[Start of section]

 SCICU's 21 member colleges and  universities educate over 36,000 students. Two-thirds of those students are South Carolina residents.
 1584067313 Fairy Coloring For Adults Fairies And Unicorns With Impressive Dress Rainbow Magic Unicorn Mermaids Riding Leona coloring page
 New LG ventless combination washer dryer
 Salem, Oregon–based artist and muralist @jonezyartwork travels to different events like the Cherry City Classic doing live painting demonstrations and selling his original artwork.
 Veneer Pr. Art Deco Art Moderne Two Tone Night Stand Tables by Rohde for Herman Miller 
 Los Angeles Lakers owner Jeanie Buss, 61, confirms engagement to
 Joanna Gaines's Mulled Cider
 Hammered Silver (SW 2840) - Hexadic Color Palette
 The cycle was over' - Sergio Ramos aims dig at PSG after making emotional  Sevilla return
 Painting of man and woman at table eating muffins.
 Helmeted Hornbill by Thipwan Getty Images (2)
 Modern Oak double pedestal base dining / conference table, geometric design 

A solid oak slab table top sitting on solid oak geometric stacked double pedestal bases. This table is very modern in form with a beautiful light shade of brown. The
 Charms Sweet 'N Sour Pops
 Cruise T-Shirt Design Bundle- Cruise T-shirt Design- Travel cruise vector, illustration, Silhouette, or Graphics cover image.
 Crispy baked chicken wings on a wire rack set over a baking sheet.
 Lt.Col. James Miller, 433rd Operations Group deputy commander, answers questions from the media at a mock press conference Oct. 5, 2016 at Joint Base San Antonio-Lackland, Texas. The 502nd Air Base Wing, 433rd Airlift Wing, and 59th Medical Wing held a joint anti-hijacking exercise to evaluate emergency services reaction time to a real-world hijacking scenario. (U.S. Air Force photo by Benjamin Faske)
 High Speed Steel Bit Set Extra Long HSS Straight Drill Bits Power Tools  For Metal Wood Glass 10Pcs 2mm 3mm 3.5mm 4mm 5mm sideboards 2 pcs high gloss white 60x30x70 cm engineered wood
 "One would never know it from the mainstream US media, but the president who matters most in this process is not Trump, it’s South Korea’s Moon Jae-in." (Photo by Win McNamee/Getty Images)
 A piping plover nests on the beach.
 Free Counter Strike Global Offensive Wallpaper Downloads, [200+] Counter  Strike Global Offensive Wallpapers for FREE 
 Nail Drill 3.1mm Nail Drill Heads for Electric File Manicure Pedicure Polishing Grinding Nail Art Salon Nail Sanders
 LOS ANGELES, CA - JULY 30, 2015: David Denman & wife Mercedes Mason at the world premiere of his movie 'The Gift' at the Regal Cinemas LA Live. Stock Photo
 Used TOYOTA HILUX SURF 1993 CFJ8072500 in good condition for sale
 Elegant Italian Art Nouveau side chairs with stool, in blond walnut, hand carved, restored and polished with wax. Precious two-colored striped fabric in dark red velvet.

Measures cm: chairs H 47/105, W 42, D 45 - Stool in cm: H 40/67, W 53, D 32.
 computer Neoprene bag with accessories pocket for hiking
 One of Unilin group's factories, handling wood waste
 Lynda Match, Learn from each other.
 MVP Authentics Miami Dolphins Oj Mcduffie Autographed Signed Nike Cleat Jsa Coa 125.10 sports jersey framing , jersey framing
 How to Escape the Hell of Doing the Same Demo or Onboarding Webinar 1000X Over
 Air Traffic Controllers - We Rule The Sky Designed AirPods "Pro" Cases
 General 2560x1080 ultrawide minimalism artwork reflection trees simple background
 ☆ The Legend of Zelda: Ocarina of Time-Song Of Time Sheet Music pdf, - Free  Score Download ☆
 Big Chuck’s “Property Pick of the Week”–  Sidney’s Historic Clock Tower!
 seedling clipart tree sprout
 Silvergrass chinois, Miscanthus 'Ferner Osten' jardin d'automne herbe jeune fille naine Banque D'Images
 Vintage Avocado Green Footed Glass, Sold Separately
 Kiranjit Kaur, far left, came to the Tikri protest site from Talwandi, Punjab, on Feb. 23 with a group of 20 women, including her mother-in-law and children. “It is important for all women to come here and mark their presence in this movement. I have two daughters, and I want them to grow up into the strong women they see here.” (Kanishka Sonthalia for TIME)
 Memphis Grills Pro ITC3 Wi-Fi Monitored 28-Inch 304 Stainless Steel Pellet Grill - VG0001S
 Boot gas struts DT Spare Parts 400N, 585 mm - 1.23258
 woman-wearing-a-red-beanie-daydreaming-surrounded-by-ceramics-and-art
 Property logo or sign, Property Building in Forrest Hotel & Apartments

[End of section]

# Exercise details:
Across all lines of the data above, count those that contain the word "Images", giving the number without further comment.

# Result of the exercise:
3